Each warning symbol also has one of these words under it.

  • CAUTION - means a temporary injury may occur from improper use of the product. Death may occur after extreme exposure.

  • DANGER - means that the product may cause temporary or permanent injury, or death.

  • EXTREME DANGER - means that being exposed to even a very low quantity of the product may cause death, or temporary or permanent injury. Be very, very careful.

Tips - What can you do?

  • Follow directions on the labels that tell you how to use, store and dispose of products safely.

  • Always wear protective clothing (e.g. gloves, masks, eye protection) when using and handling chemical products.

  • Open your windows, weather permitting, when using any product with ingredients that may pose a risk. If possible, use the product outside or in a ventilated area.
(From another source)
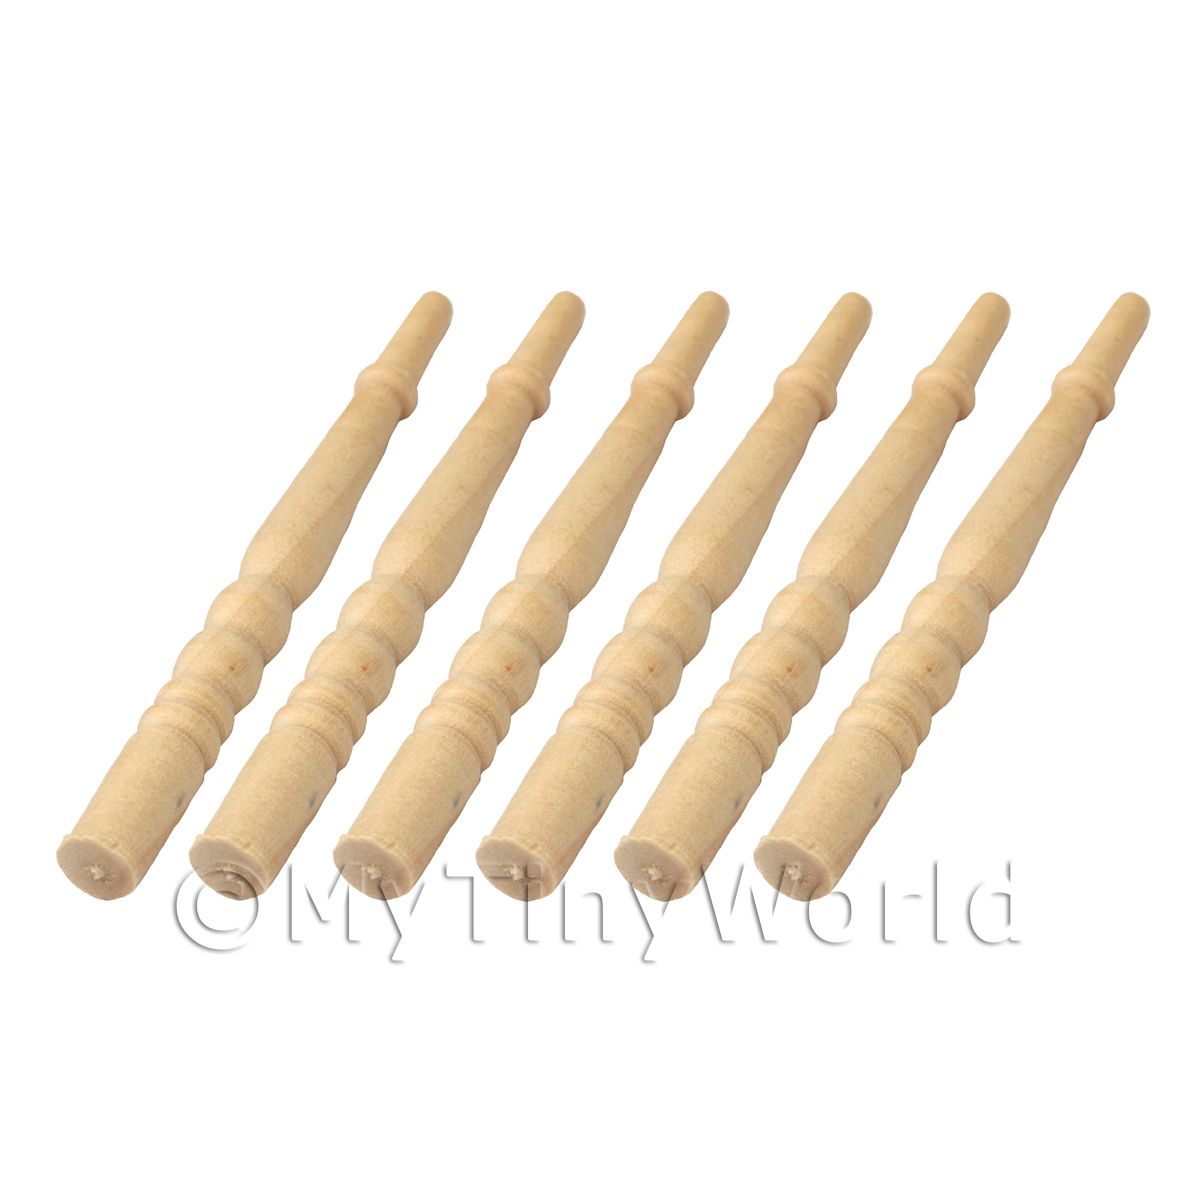 style 5 6 X Dolls House Miniature Rounded Long Wood Spindles

  • Teach children the symbols for DANGER!

  • Make sure chemical products are stored properly:

    • Keep all chemical products out of sight, away from food and out of reach of children (such as in a high cupboard or closet and not under the kitchen sink).

    • Store household chemicals preferably in locked cabinets and in their original containers. Do not remove or cover up the symbols and labels on containers.

    • Store fuels and oils in proper containers. Make sure that these products and any machinery containing these products are properly stored outside of your home.

    • Make sure that insect repellents are stored away from children's reach.

    • Read the label before each use. If there is anything in the label instructions that you do not understand, ask for help.

    • Never mix chemicals together. Some mixtures can produce harmful gases (such as bleach and toilet bowl cleaner).

    • Make sure that child-resistant containers are being used.

      • Child-resistant does not mean child-proof. Close the cap on the container all the way even if you set it down for just a moment and make sure that these child-resistant caps are working properly.

  • If there are people in the home who suffer from allergies, avoid the use of deodorizers, air fresheners or scented household cleaners. The chemicals in these contain irritants, which can cause allergic reactions and aggravate asthma and other breathing problems in people who are susceptible. You can use a solution of white vinegar and water as an alternative to clean your home.

5- Carbon monoxide

Carbon monoxide (CO) is a harmful gas that has no colour, smell or taste. It is impossible to detect without a carbon monoxide alarm. It can come from unvented kerosene and gas space heaters; gas water heaters, charcoal burners, gas stoves; exhaust from generators and other gasoline powered equipment like cars or snowmobiles; and tobacco smoke.

Why are we concerned?

Even at low levels of exposure, CO can cause breathing problems and headaches. The health effects at higher levels can be much more serious and can even cause death.

Tips - What can you do?

  •  

    Install at least one carbon monoxide alarm in your home certified by a certification body that is accredited by the Standards Council of Canada.  The alarm will have a certification mark on it, such as CSA, Ul, Intertek ETL, etc.. It is important to place the alarm close to the floor as CO is heavier then air. If you install the alarm too high, it will not be able to detect the proper levels of CO in your home. Follow instructions for where the alarm should be placed .This type of alarm will alert you early if there is too much CO in your home.
  • Maintain appliances such as furnaces, gas stoves and water heaters so they work properly. Have them inspected by a professional at least once a year.
  • Never use barbecues or outdoor/camping stoves indoors. Do not use a kerosene or oil lamp, or a space heater, in an enclosed space unless the label clearly says they are made specifically for indoor use.
  • Do not start cars, trucks, snowmobiles or other vehicles or let them idle near open doors or windows.
  • Never run gas powered machinery in unventilated areas.